**BRIEF**
Omit all images, then repeat exactly the lines below from the one containing "Wind and Sea" through the one containing "Kurt Geiger Women's Gold and Pink Bag", both ends included.

BEGIN DATA TO EXAMINE

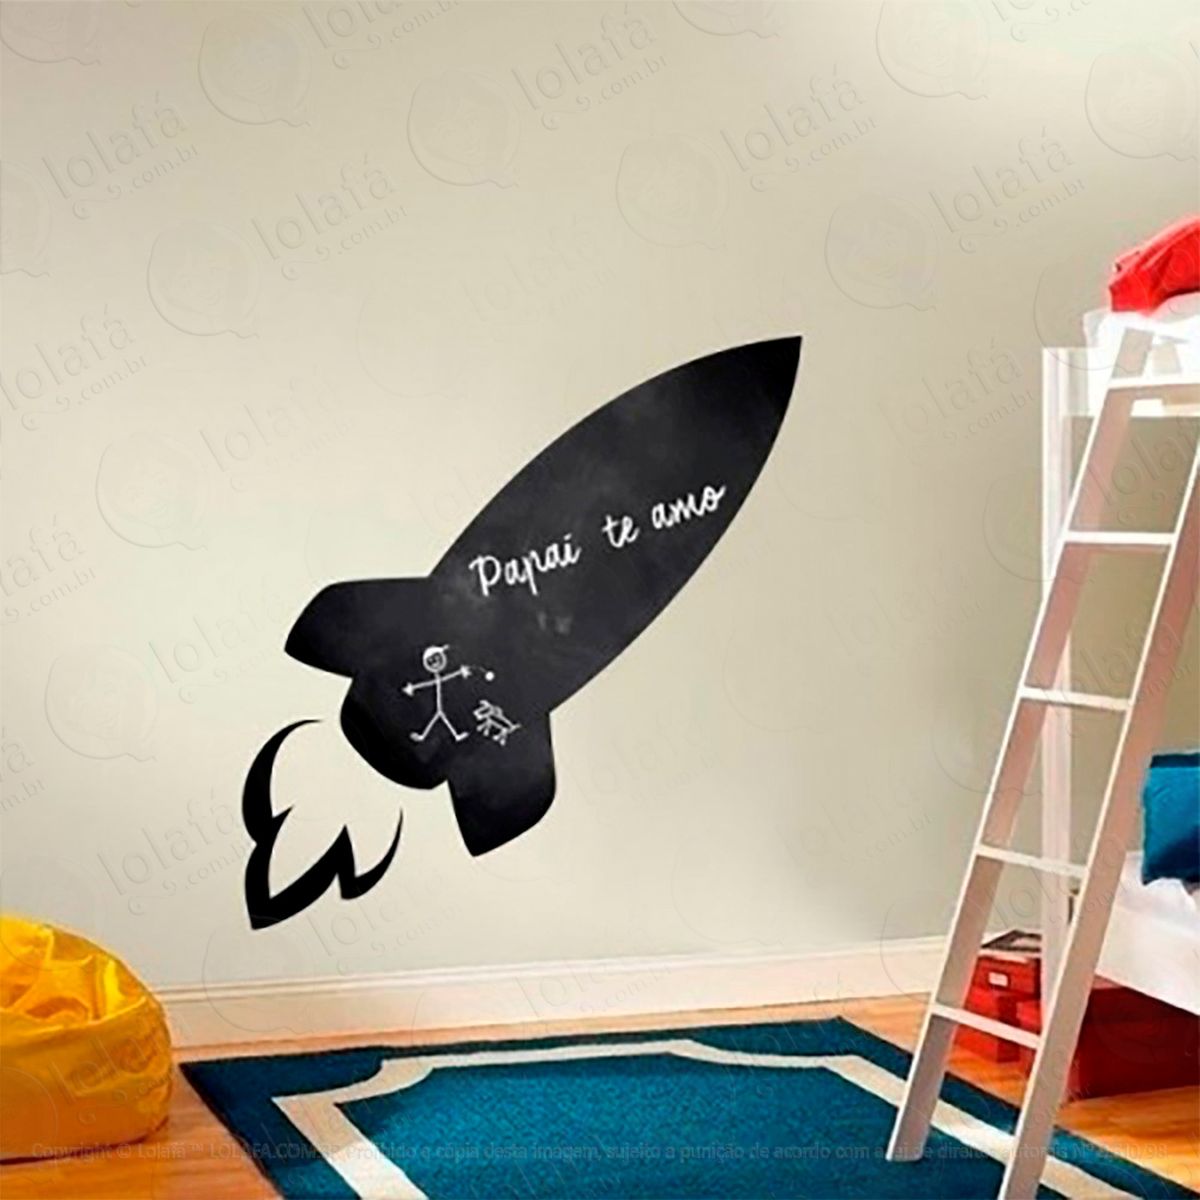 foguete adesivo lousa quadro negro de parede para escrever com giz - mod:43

END DATA TO EXAMINE
BEGIN DATA TO EXAMINE

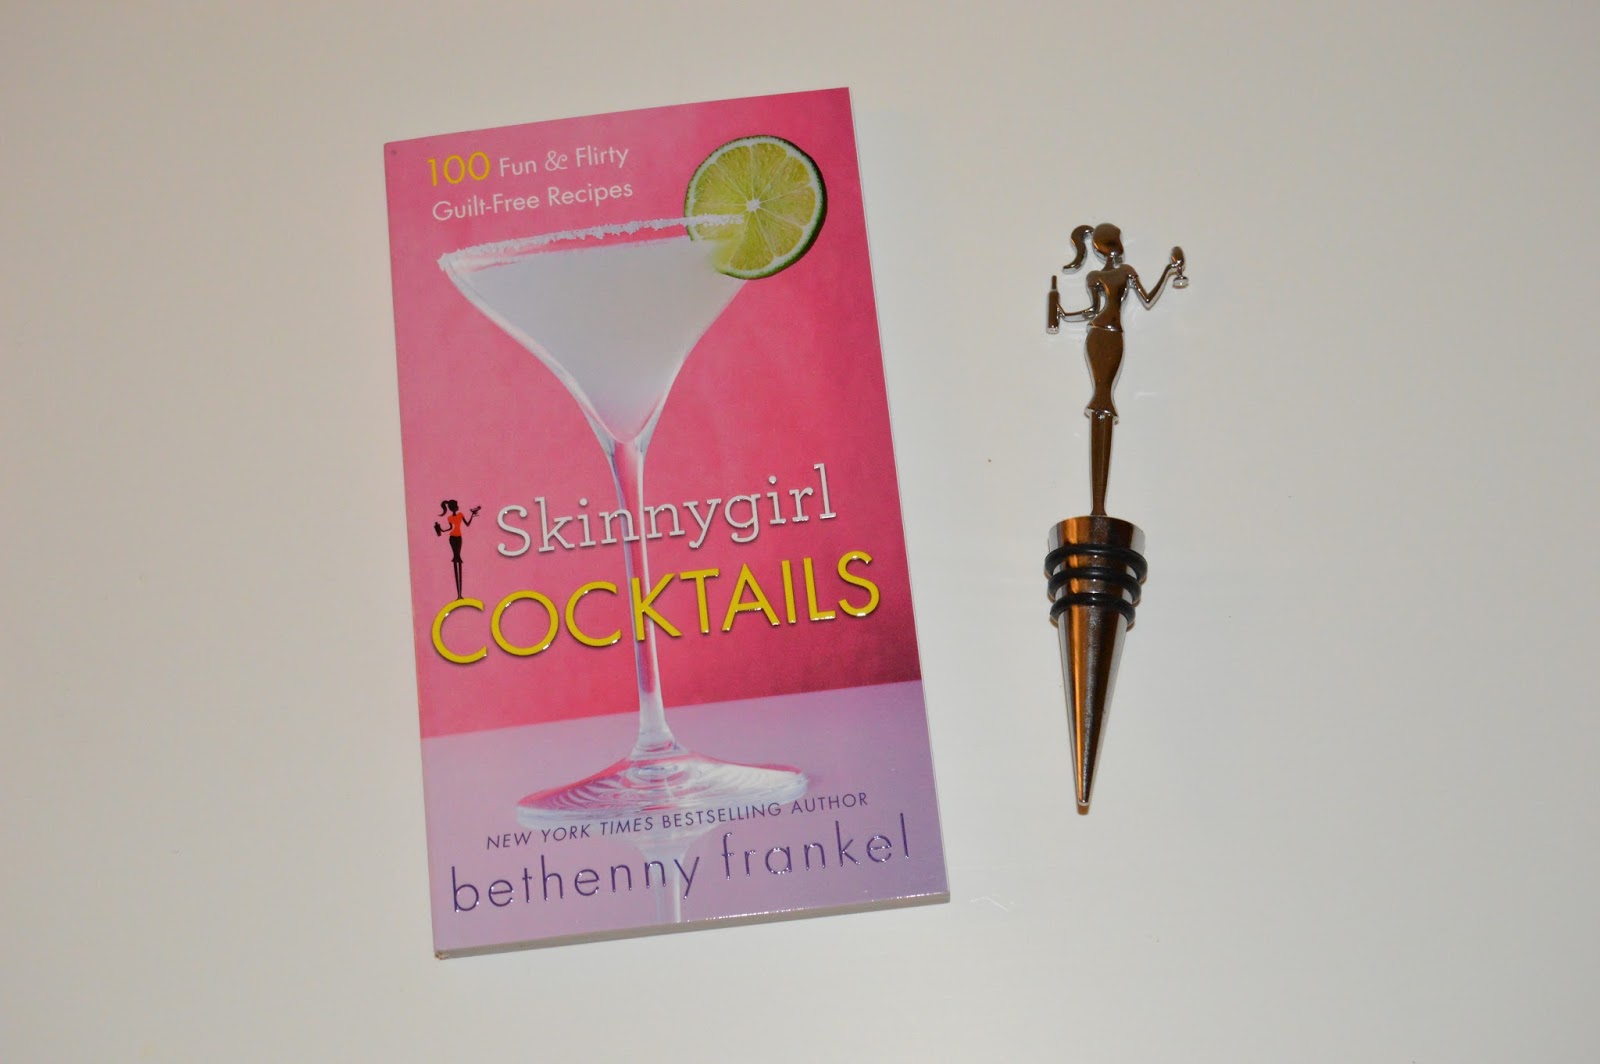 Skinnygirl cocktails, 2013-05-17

END DATA TO EXAMINE
BEGIN DATA TO EXAMINE

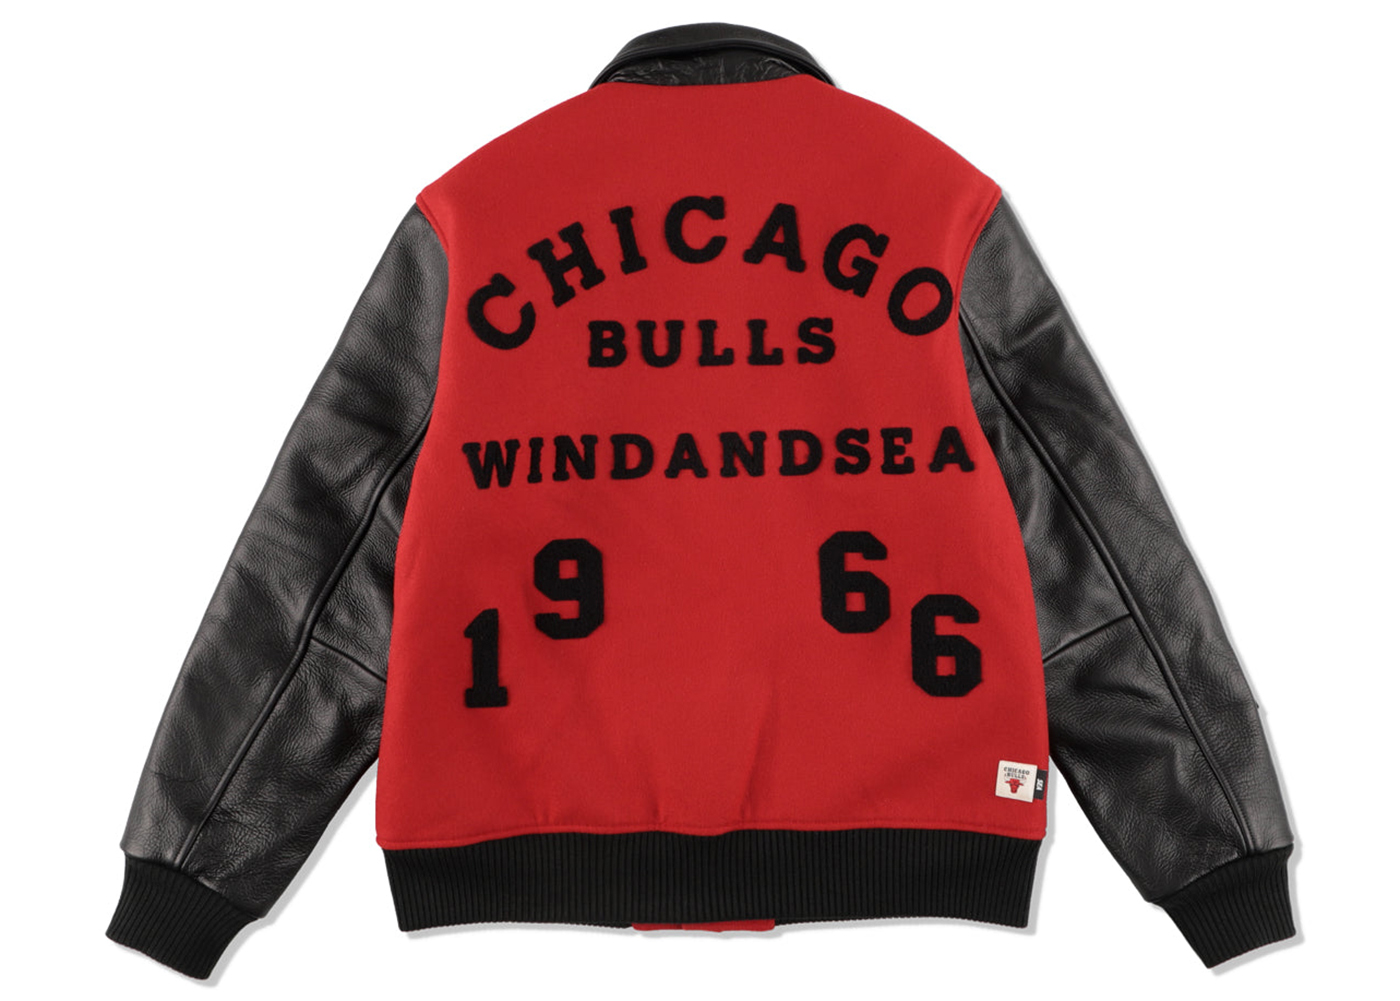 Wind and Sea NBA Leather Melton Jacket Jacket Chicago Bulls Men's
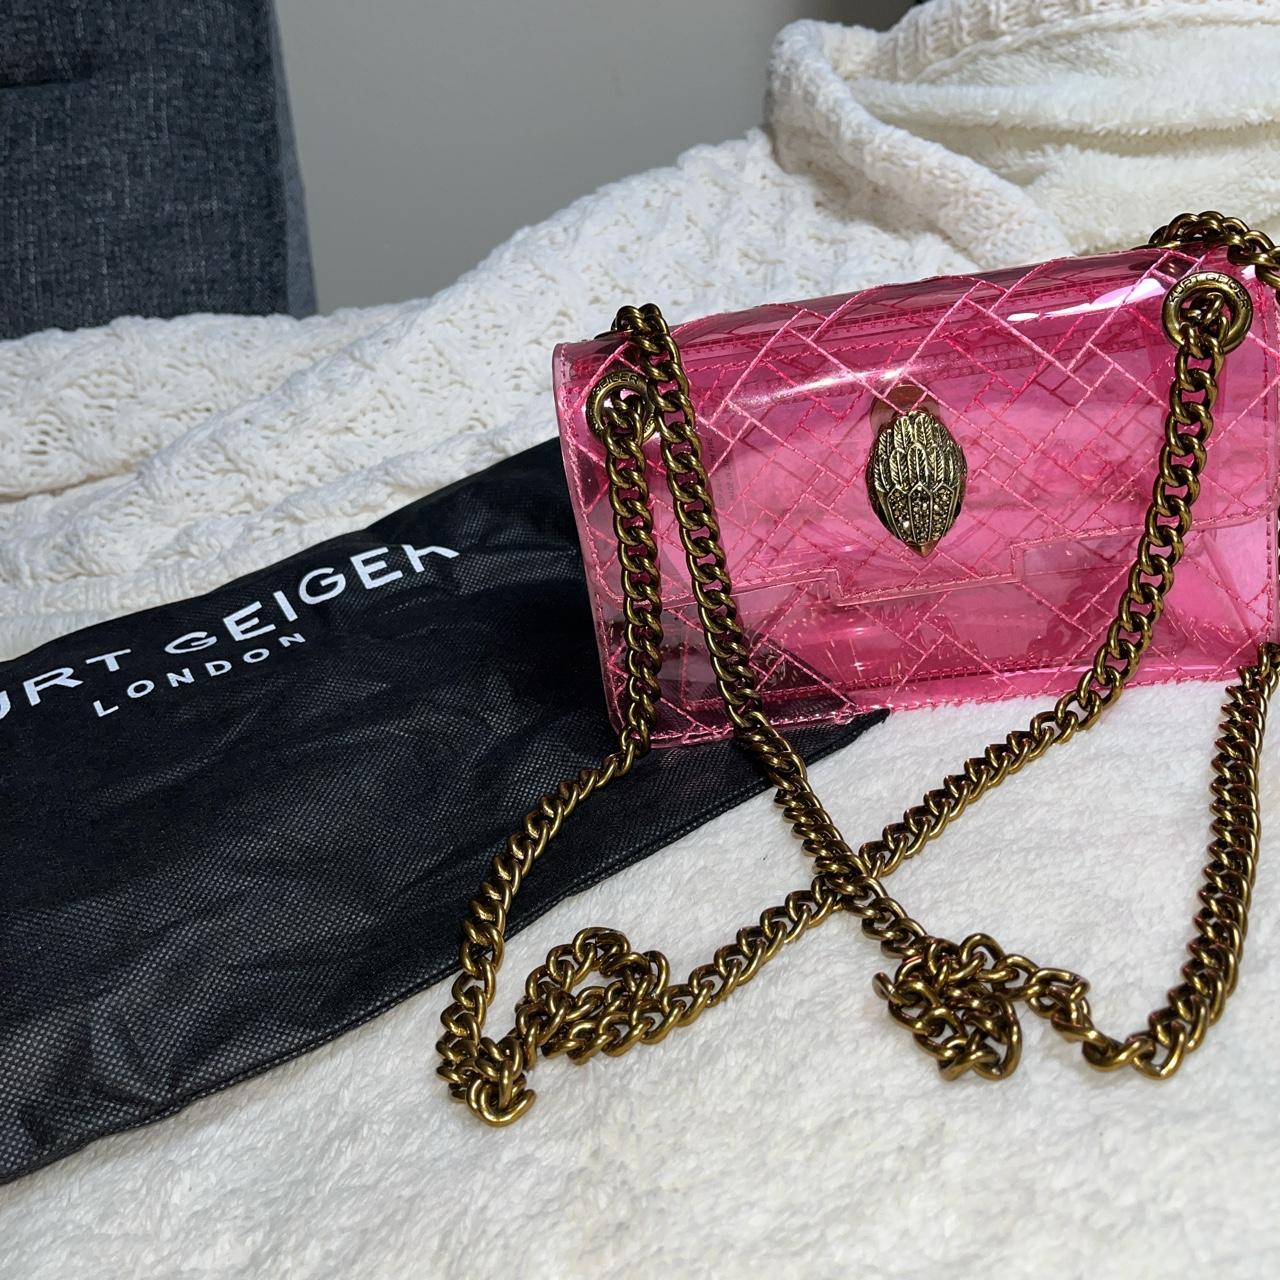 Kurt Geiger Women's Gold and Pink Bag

END DATA TO EXAMINE

**ANSWER SPACE**
 Wind and Sea NBA Leather Melton Jacket Jacket Chicago Bulls Men's
 Kurt Geiger Women's Gold and Pink Bag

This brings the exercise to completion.